Summary of the invention

Aiming at the problem that the studies above, the multiple dimensioned pedestrian inspection based on Fusion Features that the purpose of the present invention is to provide a kind of Survey method, solves in the prior art, will cause small target deteection essence to Fusion Features used in pedestrian detection, multistage detection method Low or detection time length, resource requirement height are spent, thus the problem of being unable to reach real-time.

In order to achieve the above object, the present invention adopts the following technical scheme:

A kind of multiple dimensioned pedestrian detection method based on Fusion Features, includes the following steps:

S1: the pedestrian detection data set that will acquire is pre-processed；

S2: multiple dimensioned pedestrian detection convolutional neural networks of the building based on Fusion Features, multiple dimensioned pedestrian detection convolution mind It include the shared convolutional neural networks extracted for Fusion Features and the scale sub-network for detecting fusion feature through network；

S3: pretreated pedestrian detection data set is input in multiple dimensioned pedestrian detection convolutional neural networks and is instructed Practice, the multiple dimensioned pedestrian detection convolutional neural networks after being trained；

S4: pedestrian image to be detected is input to the multiple dimensioned pedestrian detection convolutional neural networks after training, is obtained Final testing result.
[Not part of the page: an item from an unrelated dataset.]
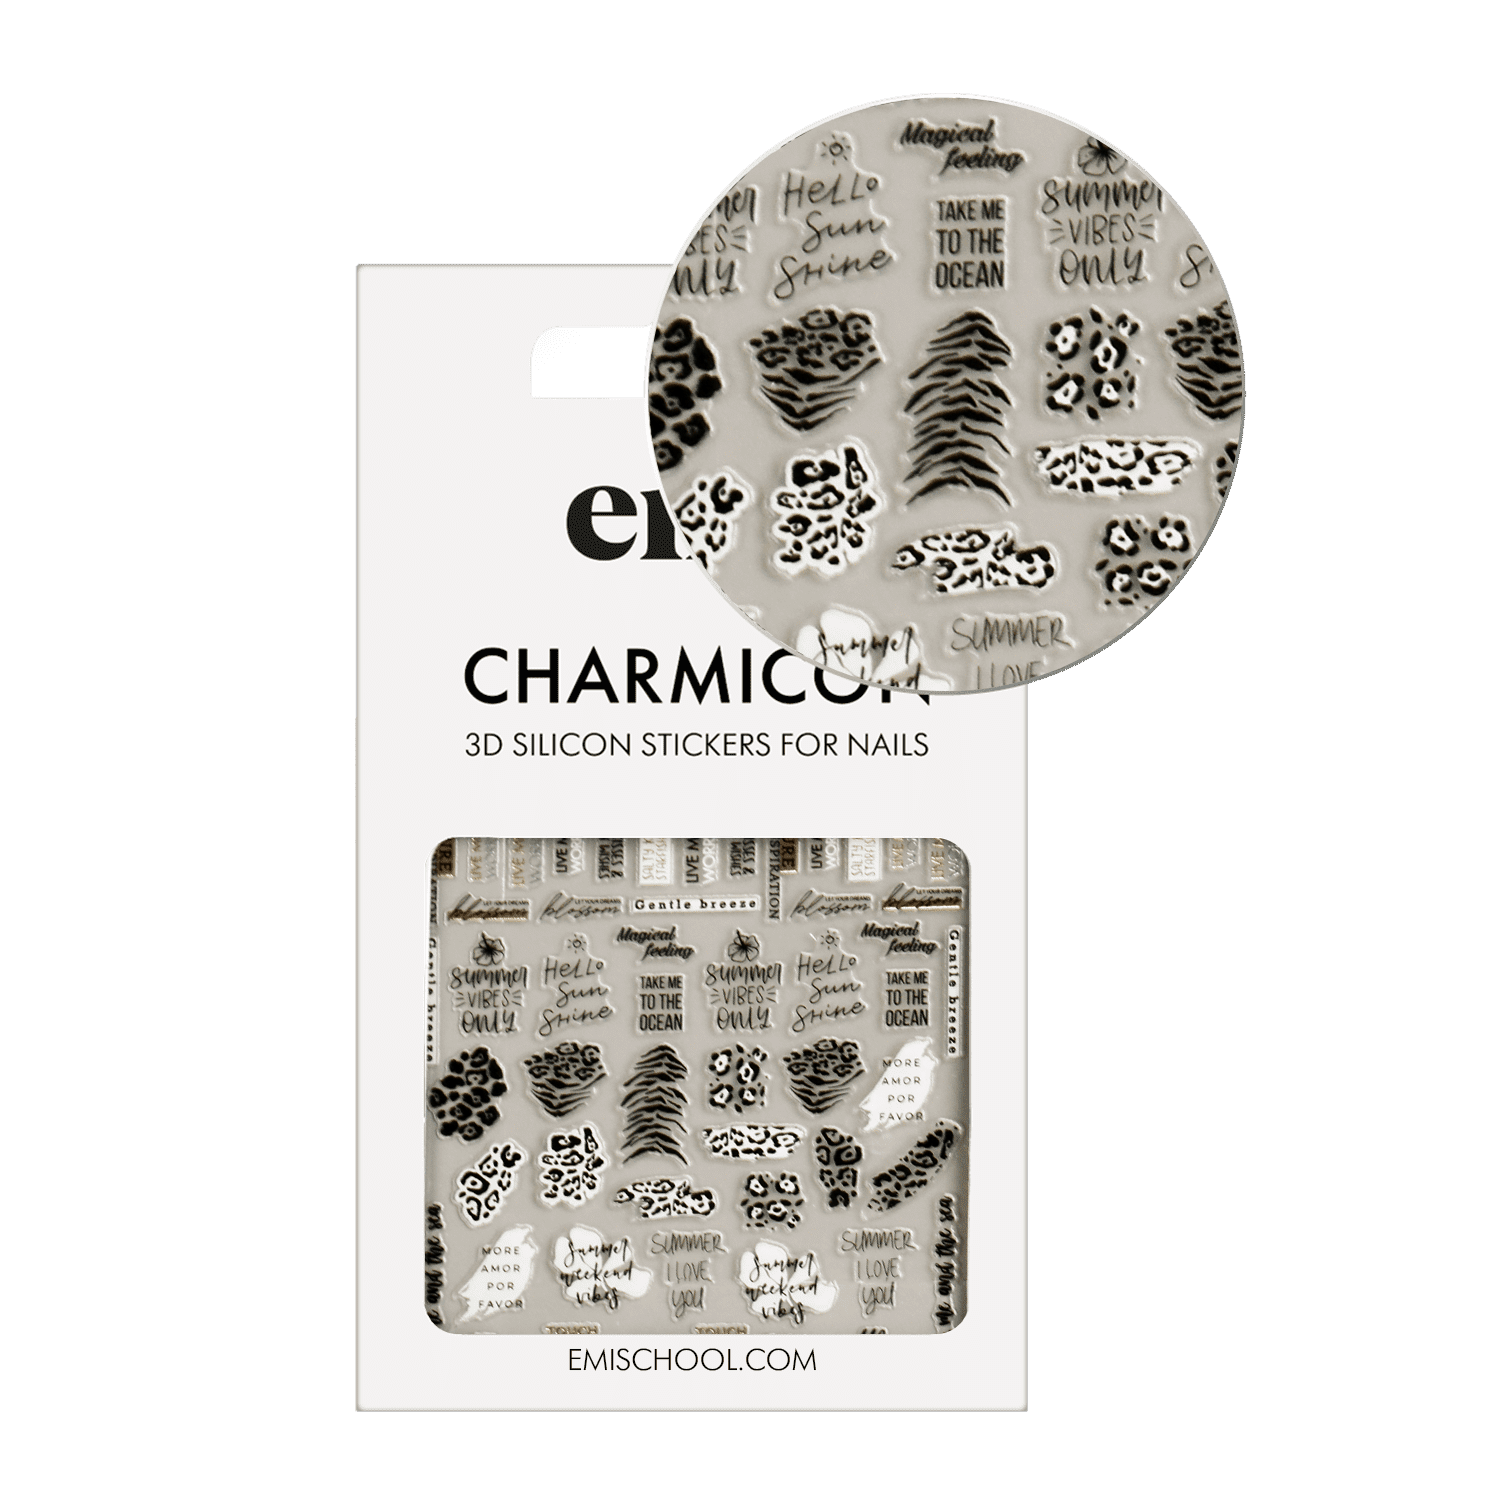 Charmicon 3D Silicone Stickers #252 Savanna

Further, the pedestrian detection data set in the step S1 is the training set extracted from Caltech data set, Caltech data set has 11 file Set00~Set10, and each file includes multiple videos, wherein the resolution of video Rate is 640*480；

Pretreatment refers to the VOC data format that each frame image in pedestrian detection data set is converted to standard, regenerates The file of corresponding band mark, file format .xml, i.e. file subsequent are .xml.

Further, the shared convolutional neural networks in the step S2 successively include the first convolutional layer, the first BN layers, first ReLu layers, the second convolutional layer, the 2nd BN layers, the 2nd ReLu layers, maximum pond layer, the first intensive residual error module, the first maximum pond Change layer, the second intensive residual error module, the second maximum pond layer, the intensive residual error module of third, third maximum pond layer；First is intensive Residual error module, the second intensive residual error module and the intensive residual error module of third include three convolutional layers and the residual error structure of ResNet, Wherein, first convolutional layer is used to carry out the port number of input data dimension-reduction treatment, and second convolutional layer is used for first The result of convolutional layer output carries out channel and rises dimension processing, and the residual error structure of ResNet is used for input data and second convolutional layer Output result be added, obtain it is after being added as a result, third convolutional layer be used for result after being added carry out dimensionality reduction at Reason, the processing result of three convolutional layers is intensively connected, i.e., the feature of different levels is overlapping together, each intensive residual error Module exports the feature for having shallow-layer feature and further feature.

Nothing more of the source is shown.